1. Combine audio (.mp3) with picture (.gif) I use the command "copy picture.gif /b + audio.mp3 /b combined.gif" in DOS prompt.
I look in my C: drive and now I have a new file "combined.gif" I run the combined.gif file and it display the same picture as picture.gif. I run Winamp and manually load the combined.gif, I am able to play the audio.mp3 sound. I tried to load combined.gif file into Windows Media Player and I can only see the picture.gif. No sound at all. Looks like Winamp can support this feature but not Windows Media Player.
2. Combine audio (.wav) with picture (.gif) I use the same picture.gif but now I am combining the picture file with a .wav sound file. Wav is another type of sound format. Used the same command "copy picture.gif /b + audio.wav /b combined.gif" in DOS prompt. I ran combined.gif and it is able to display the picture.gif picture file. Tried to load it into Winamp, doesn't play this time. Loaded the combined.gif into Windows Media Player, it also only display the picture but no sound. Looks like only .mp3 sound format is supported.
3. Combine audio (.mp3) with picture (.jpg) Since only mp3 works, we'll try combining mp3 with another type of picture format with is JPG. Used the same command "copy picture.jpg /b + audio.mp3 /b combined.jpg" in DOS prompt. Ran the combined.jpg and it displayed the picture.jpg. Then I tried loading the combined.jpg into Winamp, and it played the music. Again, loaded combined.jpg into Windows Media Player, I can only see the picture but no music.

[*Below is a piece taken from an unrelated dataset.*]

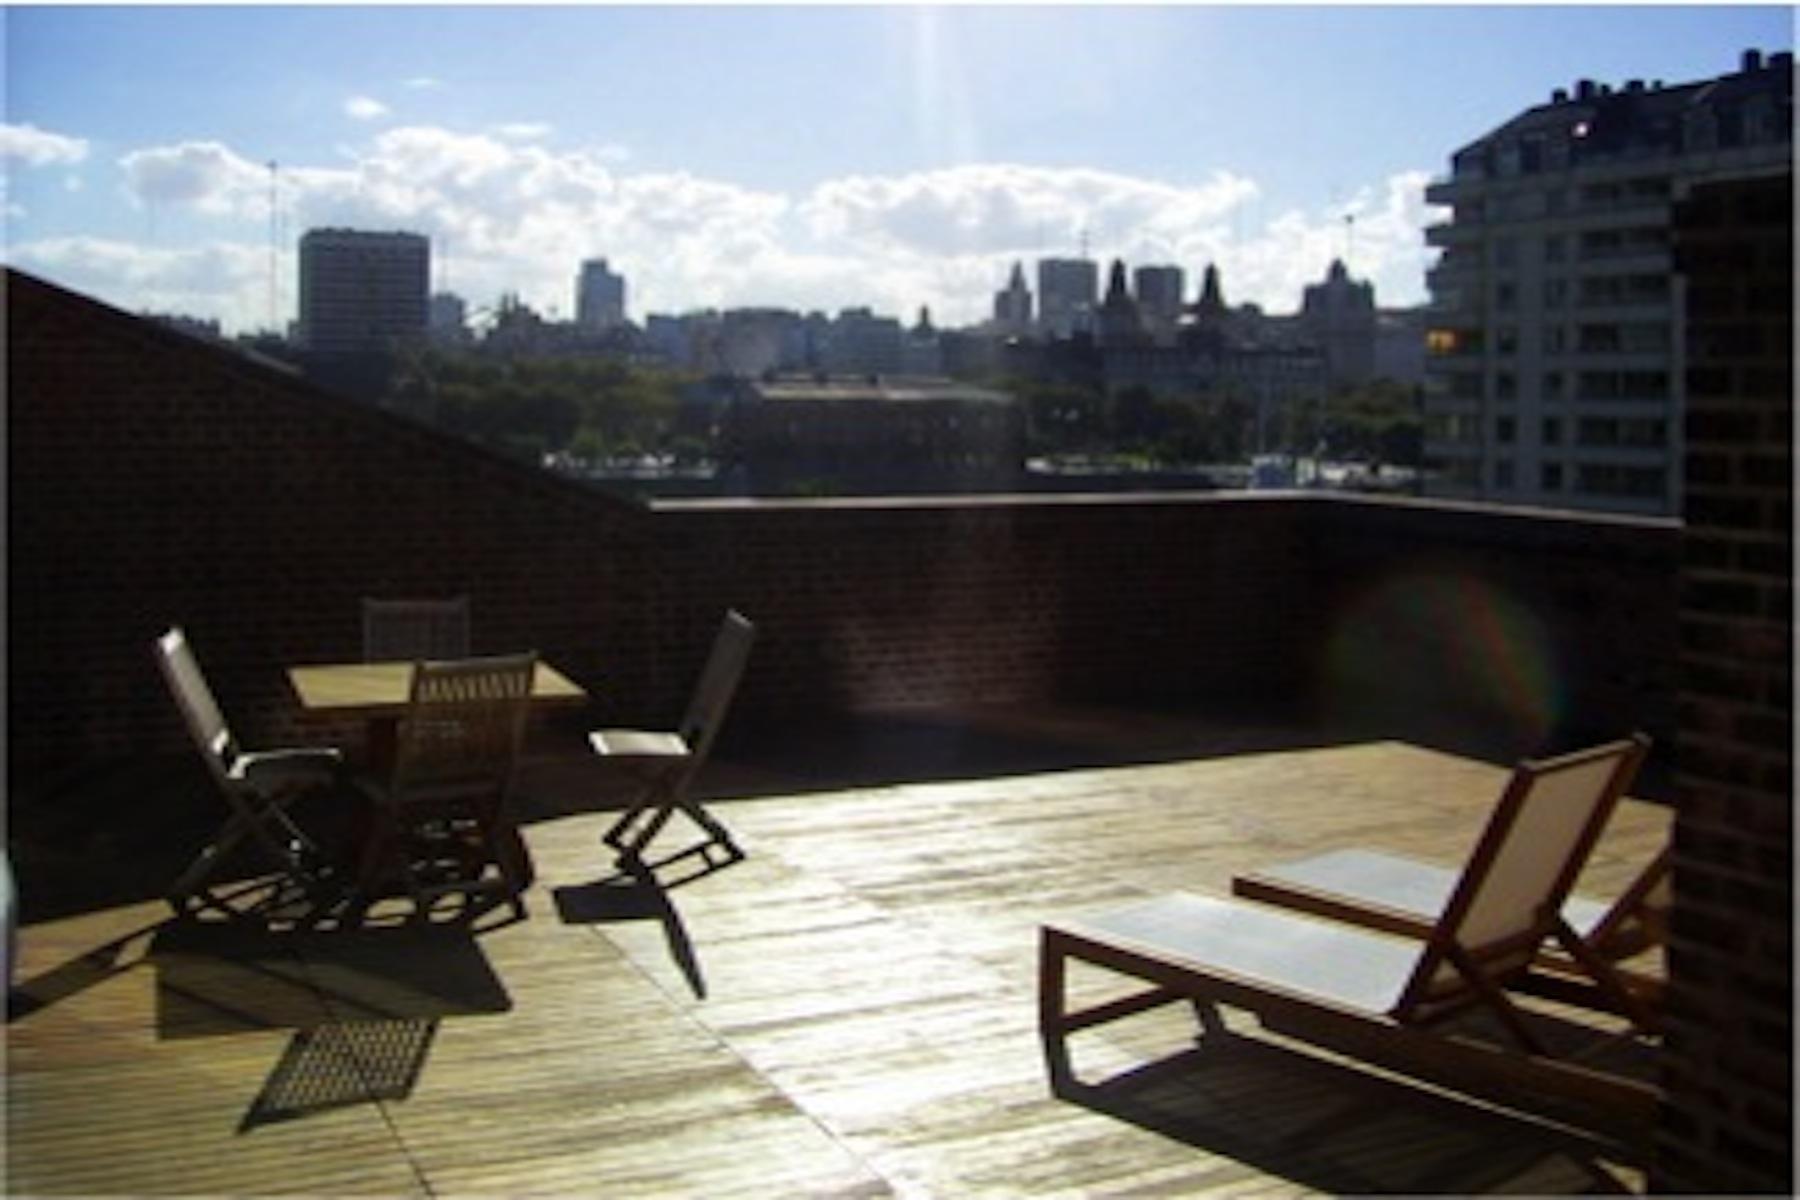 Apartamento para Venda às Sophisticated Duplex in El Porteño building Petrona Eyle 450 Other Argentina, Outras Áreas Na Argentina, 1107 Argentina

From the test above, I believe that hiding audio inside picture can only work when you embed MP3 audio into picture file. I also believe that other picture format such as TIFF, PNG or Bitmap will work. Tom Scott explains that the GIF format allows for an "application extension block" - an arbitrary section for applications that isn't checked by the GIF parser. Meanwhile, Winamp and other MP3 players ignore all data in the file that isn't marked as an MP3 block. The result: the picture viewer ignores the music, and the MP3 player ignores the picture. Eventhough he only mentioned GIF, but I tested on JPG and it works as well.
If you're on a Linux box, you can do it by using the command "cat picture.gif sound.mp3 > combined.gif"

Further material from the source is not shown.